Methods: In this cross-sectional study, between May and November 2022, peripheral venous blood of 151 VS patients (case group) and 233 volunteers (control group) were collected. Fourteen SNPs were identified in five genes encoding the components of the MMP-2 signaling pathway, assessed through carotid-femoral pulse wave velocity (cfPWV), and analyzed using multivariate logistic regression. The multigene influence on the risk of VS was assessed using multifactor dimensionality reduction (MDR) and generalized multifactor dimensionality regression (GMDR) modeling.
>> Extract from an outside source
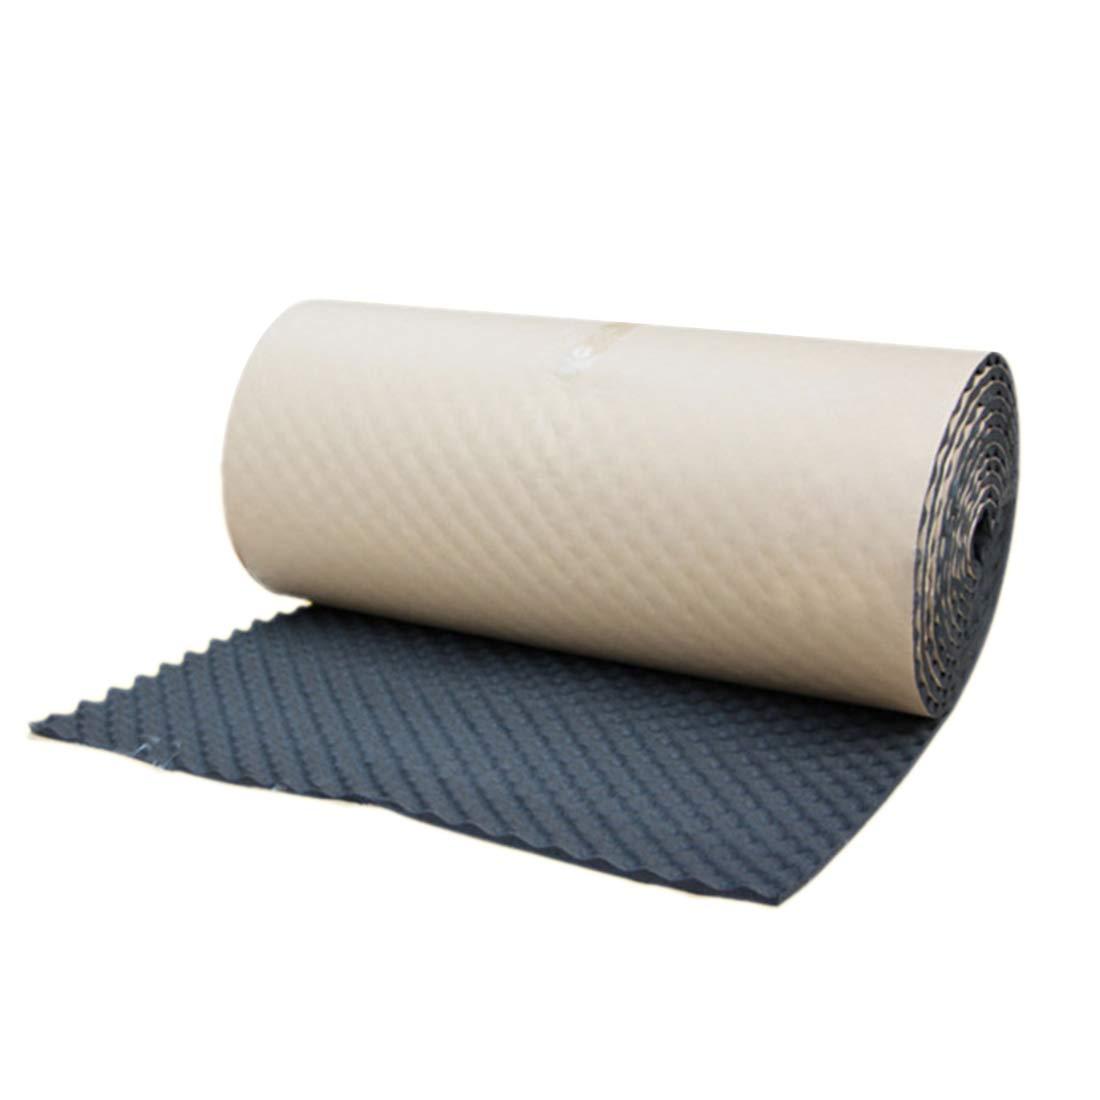 uxcell Studio Sound Acoustic Absorption Heatproof Foam Deadener 19.7'x39.4' 5.4sqft a16080100ux0626

Results: Within the multivariate logistic regression models, four SNPs were screened to have significant associations with VS: chemokine (C-C motif) ligand 2 (CCL2) rs4586, MMP2 rs14070, MMP2 rs7201, and MMP2 rs1053605. Carriers of the T/C genotype of MMP2 rs14070 had a 2.17-fold increased risk of developing VS compared with those of the C/C genotype, and those of the T/T genotype had a 19.375-fold increased risk. CCL2 rs4586 and MMP-2 rs14070 exhibited the most significant interactions.
Conclusion: CCL2 rs4586, MMP-2 rs14070, MMP-2 rs7201, and MMP-2 rs1053605 polymorphisms were significantly associated with the risk of VS.